What I found was that therapy isn’t like that at all. It can be like talking to a friend, only your friend is a neutral party who never gives advice, only listens, and literally got a degree to help you talk through your problems. I was apprehensive about the fact that Lynn is white (I completely understand that being a reservation for many people of color when it comes to seeking help). Something to keep in mind, though, is that therapists are well-trained in practicing empathy and that skill can do a lot in bridging cultural and emotional gaps.
When I first started seeing my counselor in early 2016, I couldn’t fathom what the year would have in store. June’s Pulse shooting wrecked me for a while. This month marks a year since it happened and we are still in mourning, particularly LGBTQ+ Latinxs who saw our friends and family in the faces of the fallen. Police brutality. The election. Constant reminders of the fragility of civil rights. It was a tough year to belong to any traditionally marginalized group. I feel lucky to have found Lynn before this shit ramped up the way it did, to have found my safe and secure space in a world that ceaselessly pointed out my intersectional vulnerability.
It was only through therapy that I learned I am stronger than I think, that negative thoughts won’t get me anywhere, and that detaching from my close-knit family unit is okay, and not selfish.

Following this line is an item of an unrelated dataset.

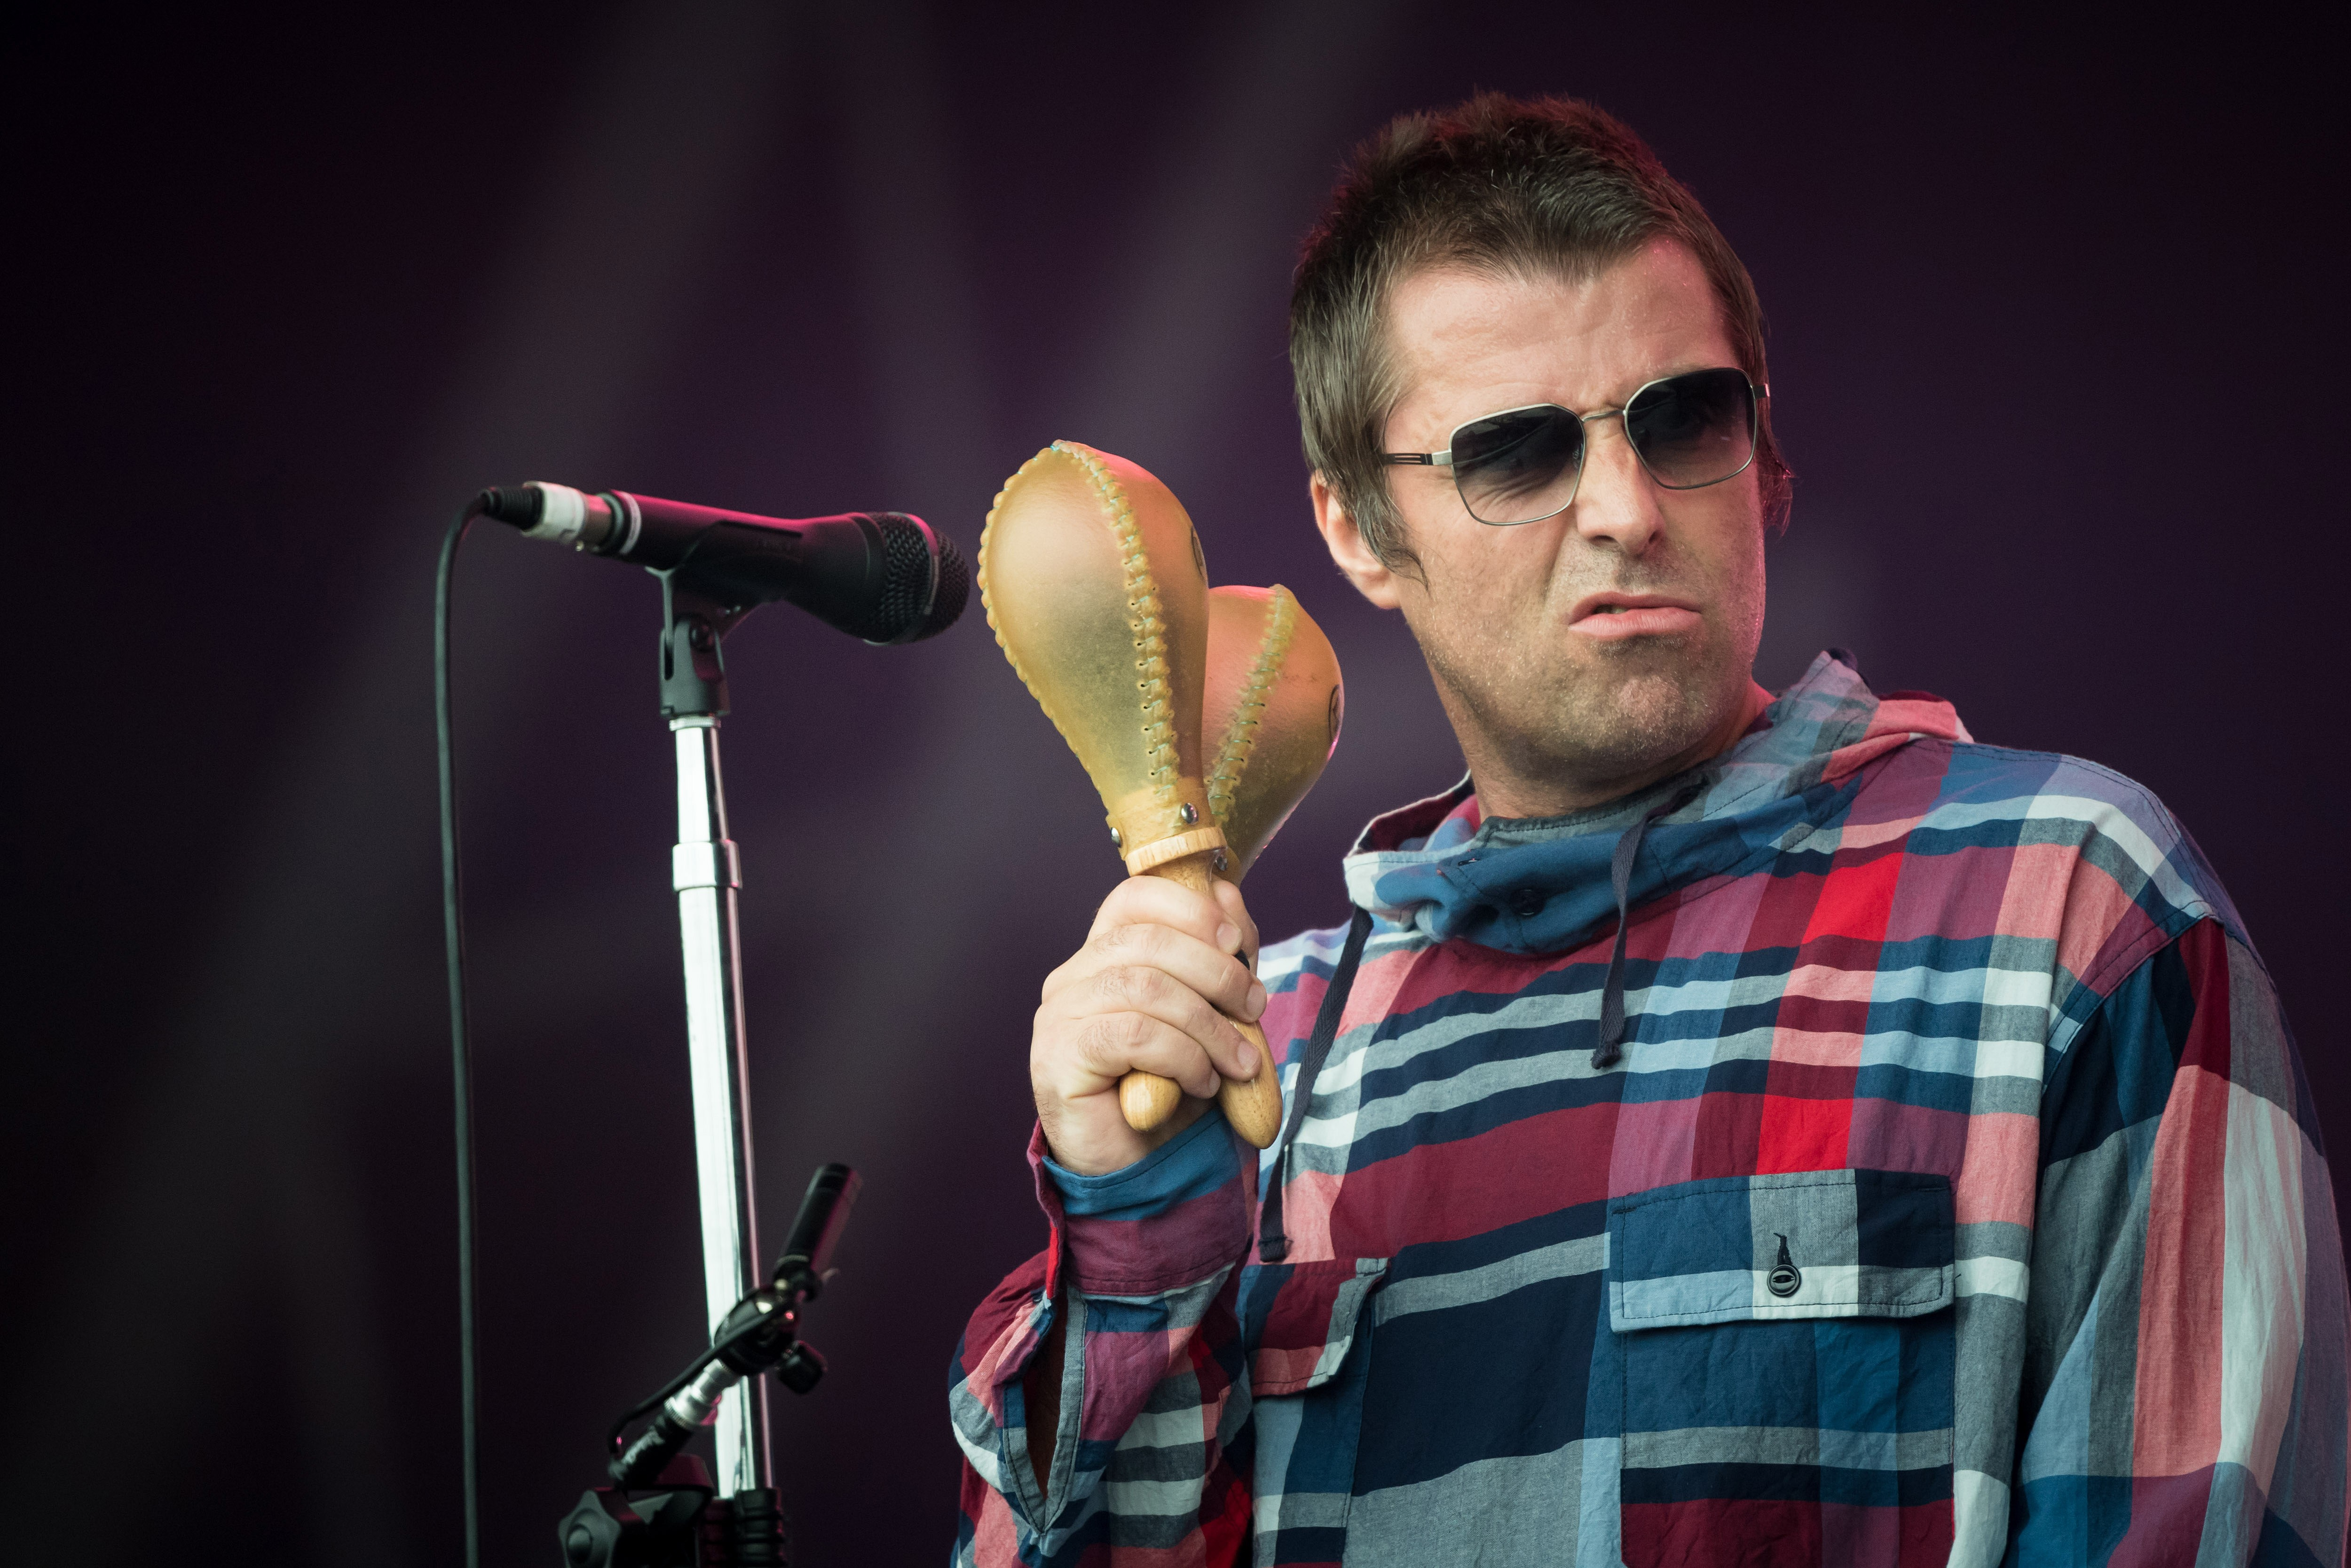 Glastonbury Festival 2019 - Day Four

With a healthy dose of therapy and medication, I was able to keep it relatively together, and I can’t be more grateful for those privileges.
Those of us from communities of color are sent the message that asking for help is a sign of weakness, that the right thing to do is to rough it out on our own. We are not taught the idea of self-care because so much of the time, our families come from a place of survival and coping with the world. Queer black feminist writer and activist Audre Lorde once wrote: “Caring for myself is not self-indulgence, it is self-preservation, and that is an act of political warfare.” We can and should change the stigma about mental health in our inner circles, if not for us but for the generations ahead of us to know that asking for help is okay. That is how we move forward. This is how we survive. The process of discussing and caring for our mental health, however difficult it is, can be our individual and cultural safe and secure space.